*** Opening RECORDS ***

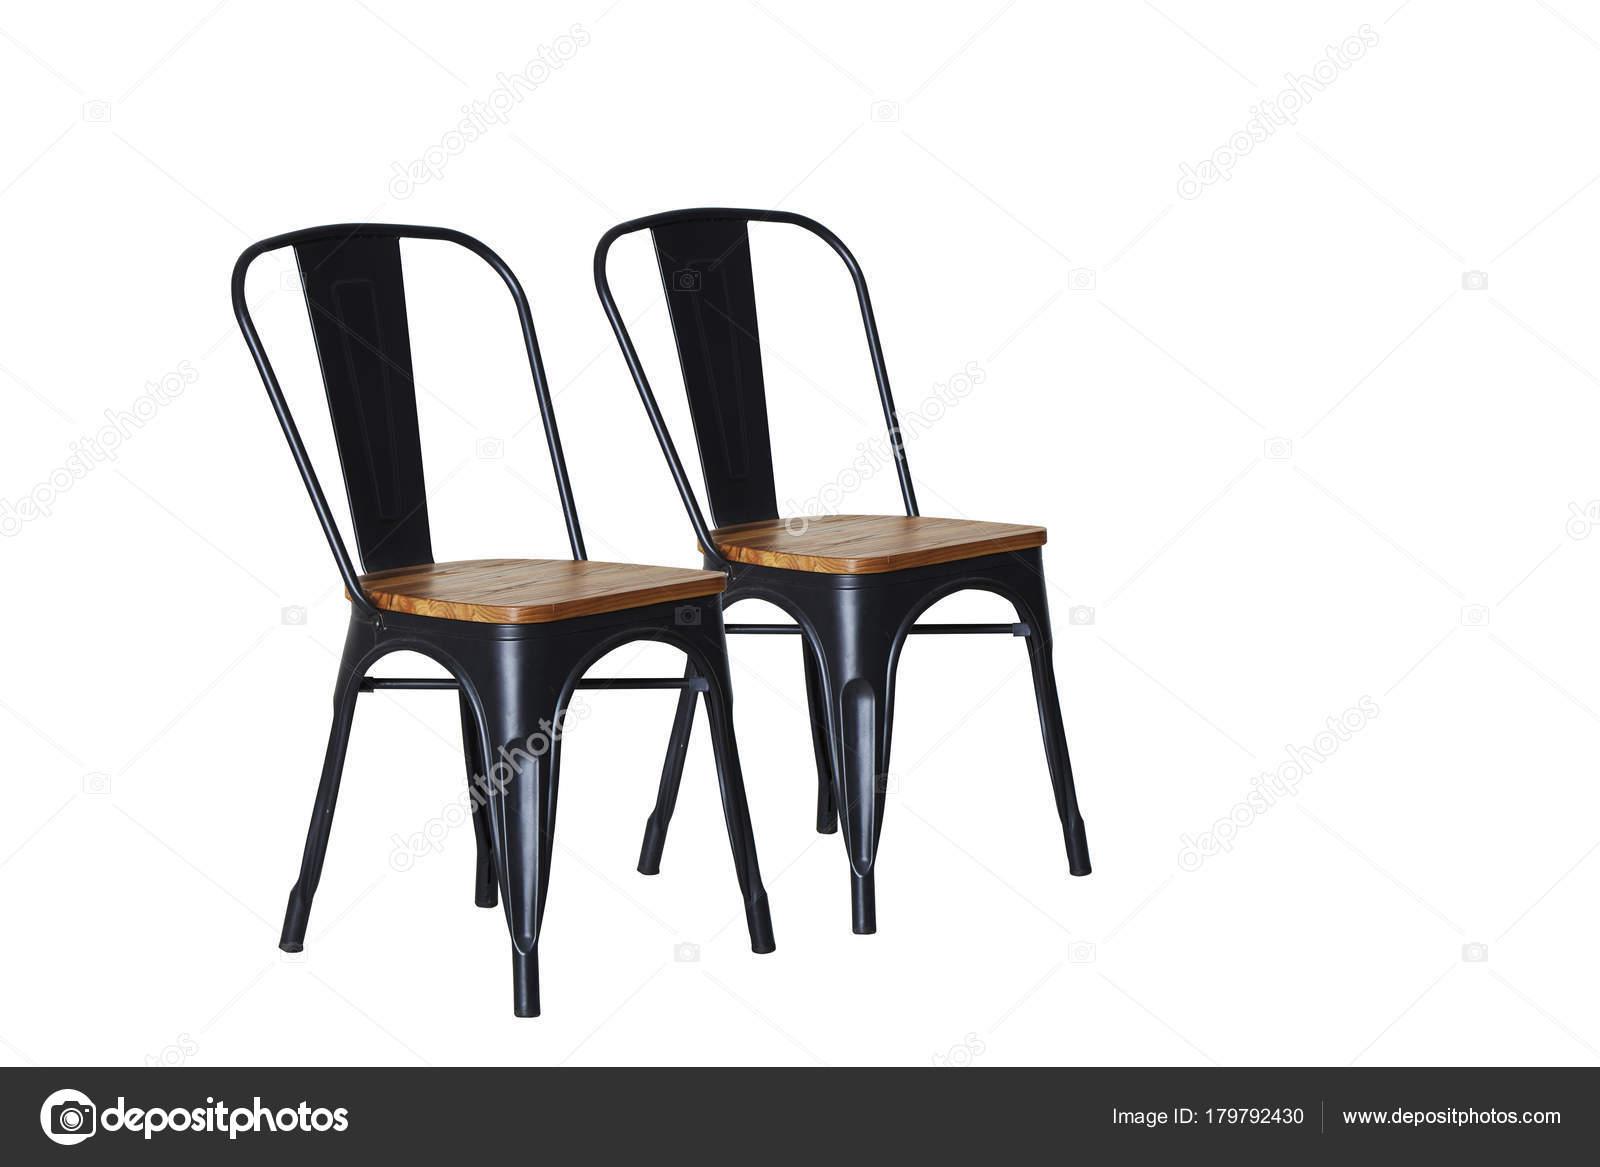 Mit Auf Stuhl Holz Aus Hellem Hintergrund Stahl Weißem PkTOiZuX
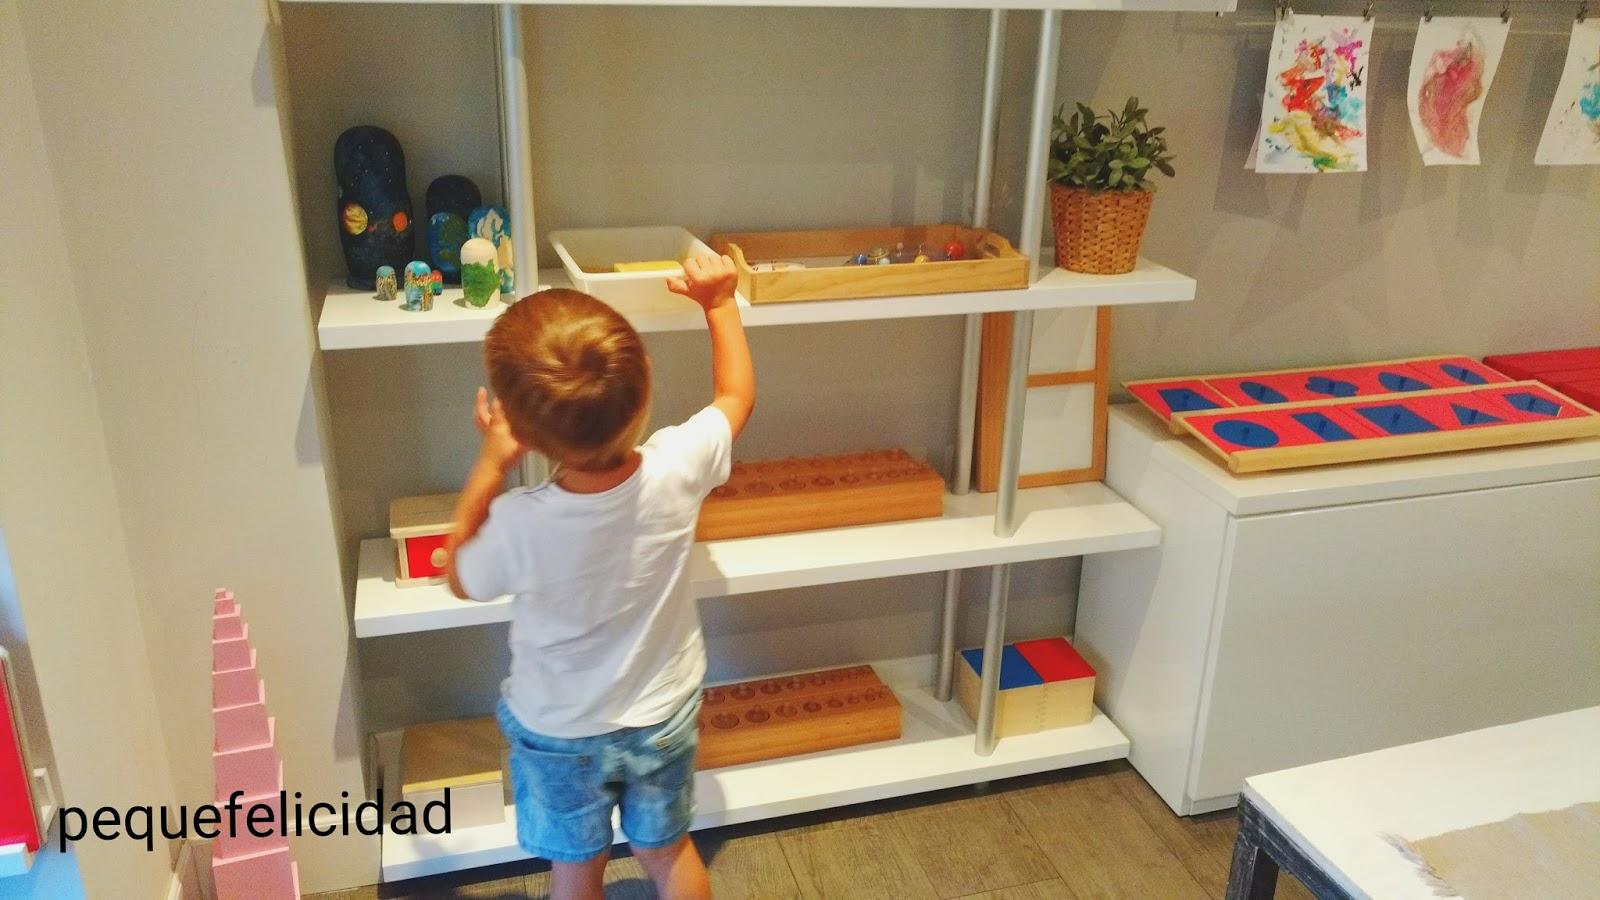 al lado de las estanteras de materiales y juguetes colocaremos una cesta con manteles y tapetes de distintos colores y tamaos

*** Closing RECORDS ***
*** Opening RECORDS ***

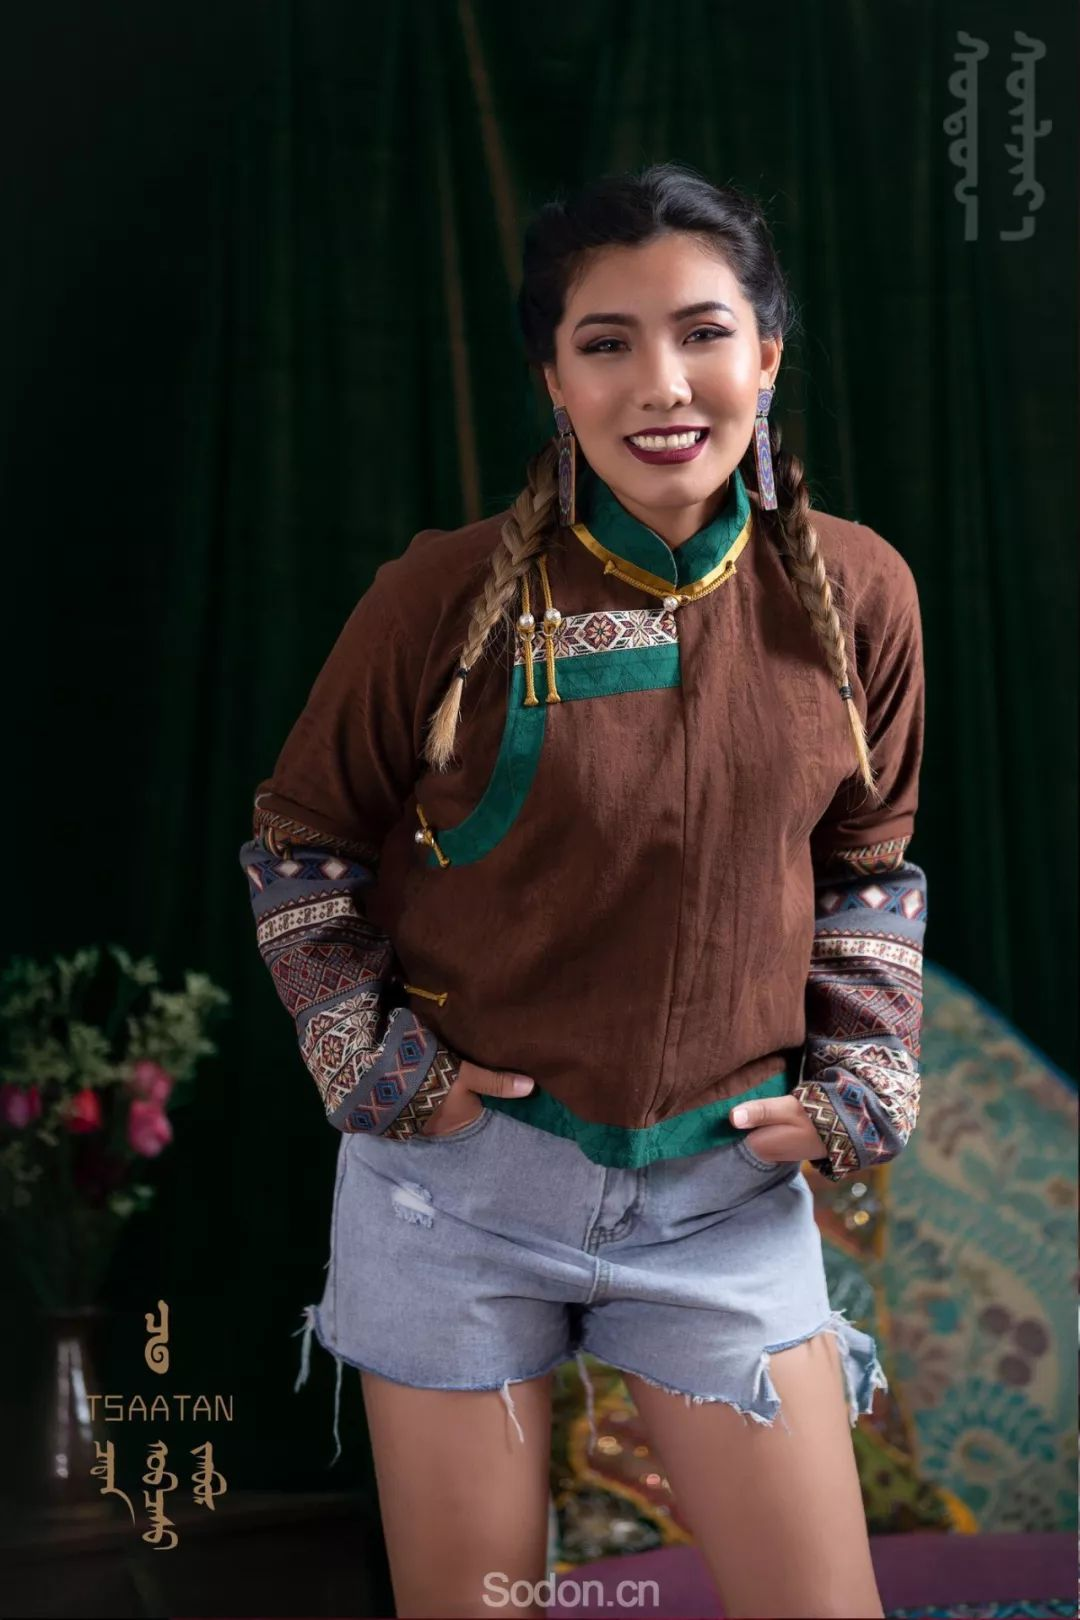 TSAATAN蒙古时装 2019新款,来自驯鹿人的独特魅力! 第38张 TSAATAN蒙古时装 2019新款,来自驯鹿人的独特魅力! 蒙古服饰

*** Closing RECORDS ***

YOUR OBJECTIVE: Exactly the lines above from the one that contains "Mit Auf Stuhl" down to the one that contains "al lado de las" are to be output, both ends kept and pictures omitted.

RESULT OF THE EXERCISE:
 Mit Auf Stuhl Holz Aus Hellem Hintergrund Stahl Weißem PkTOiZuX
 al lado de las estanteras de materiales y juguetes colocaremos una cesta con manteles y tapetes de distintos colores y tamaos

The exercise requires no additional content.